Jach's personal blog

(Largely containing a mind-dump to myselves: past, present, and future)
Current favorite quote: "Supposedly smart people are weirdly ignorant of Bayes' Rule." William B Vogt, 2010

Two problems addressed by an issue tracker, testing, and code review

I haven't been coding much since "retirement". A bit here and there, and I enjoy it every time, but sometimes I'll go weeks without doing any. Still, what little I've done, I've recognized some insights about myself and the way I write software that I might not necessarily have fully gained if I still had employment. It's nothing mind-blowing, I'm sure many programmers either realize something similar already, or just don't have the same problems. (Parts of the methodologies of professional development try to prevent the problems from arising, and you can make use of those as an amateur/hobbyist/out-of-worker just fine, as we'll see.)

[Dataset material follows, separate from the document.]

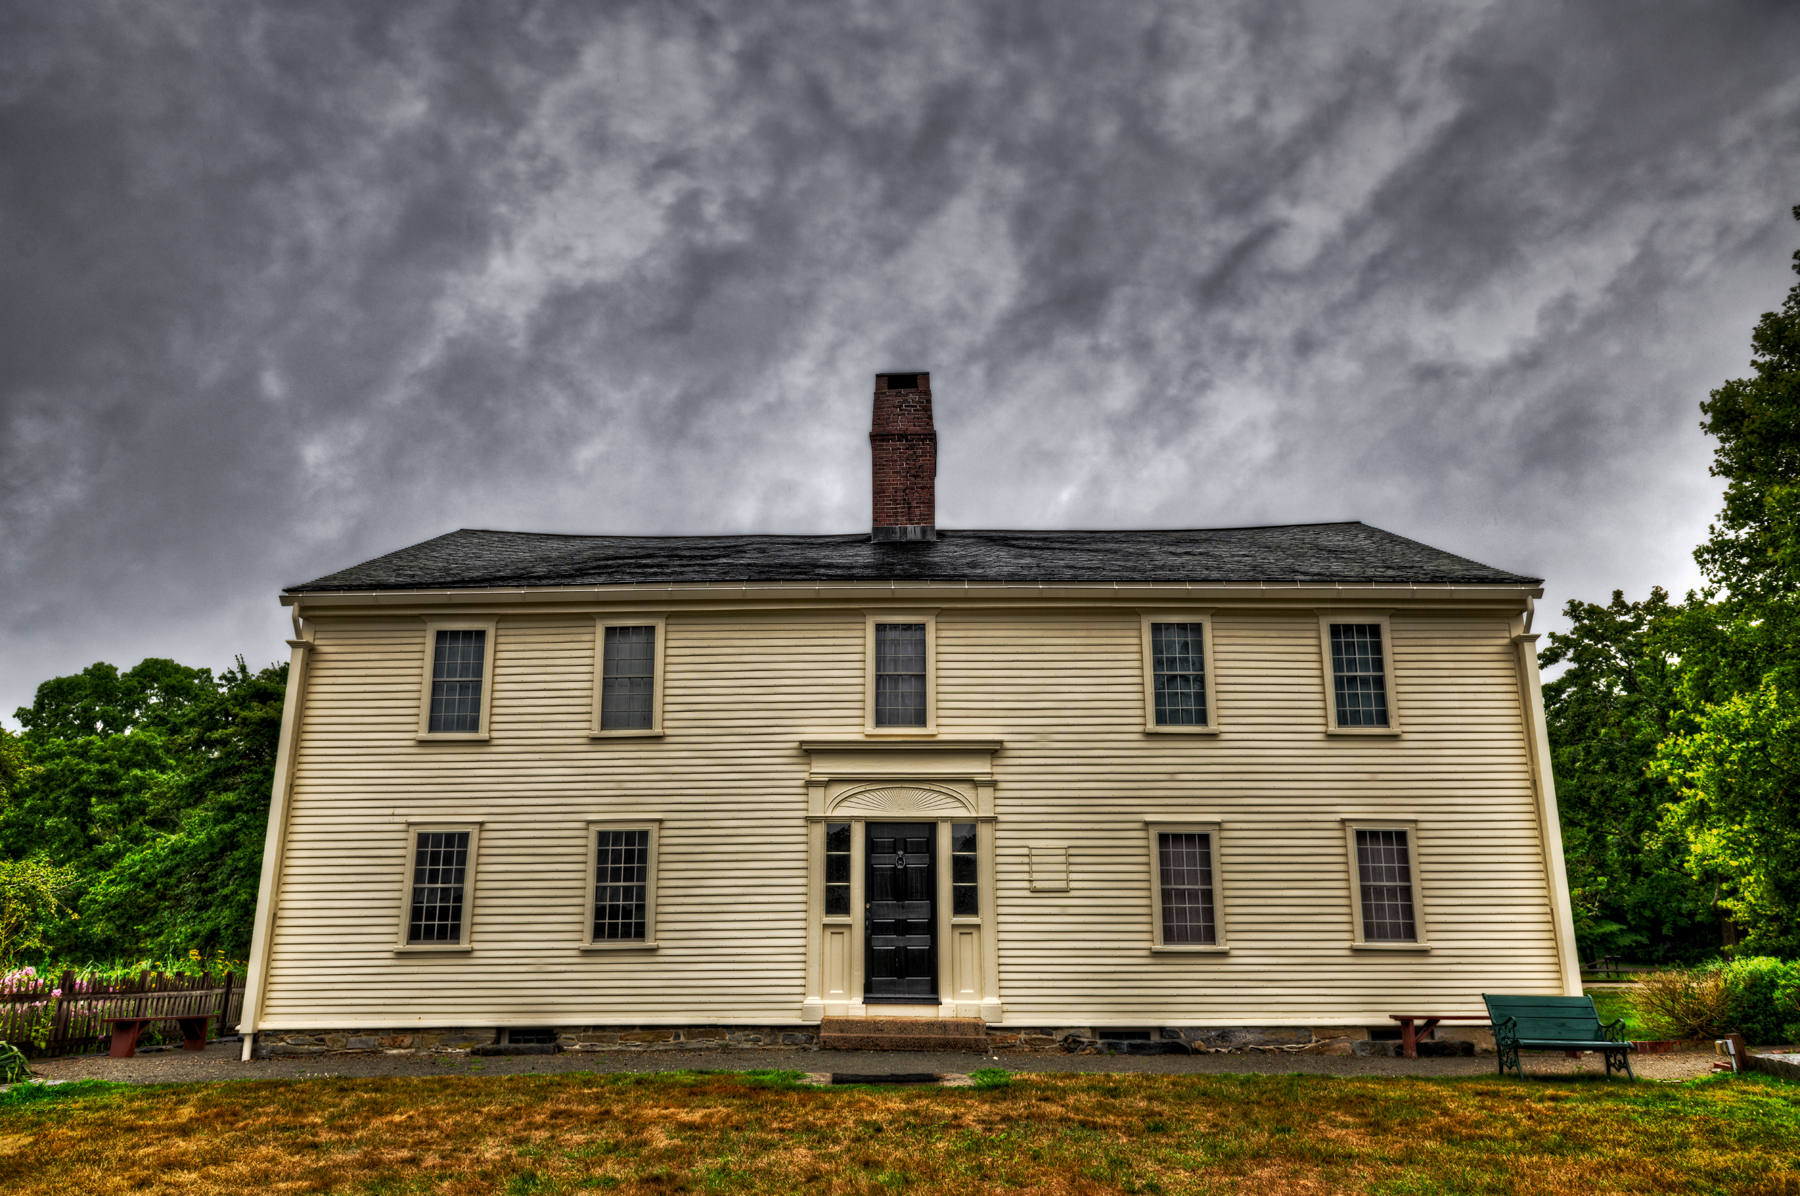 Smith's Castle in Wickford, Rhode Island. Photo by Frank Grace.

The way to approach this is by noticing two "problems". They both stem from the fact that left to my own devices, my development flow naturally drifts towards a lazy style reminiscent of when I first started programming and didn't know any discipline to make things better. Sometimes that's fine, you can just brute-force it, and indeed that's how many of the things I did got done. An example of this style is not using version control much -- just develop the whole thing until it's ready, then commit it and ship it! Once I have a "base thing" though, I can then more easily apply some discipline, so the two problems I'm now going to highlight come most strongly in the earlier phase.

The first problem I found nicely described by this old blog: Imagination Overrun. The second problem is also described there, Knowing When You're Done.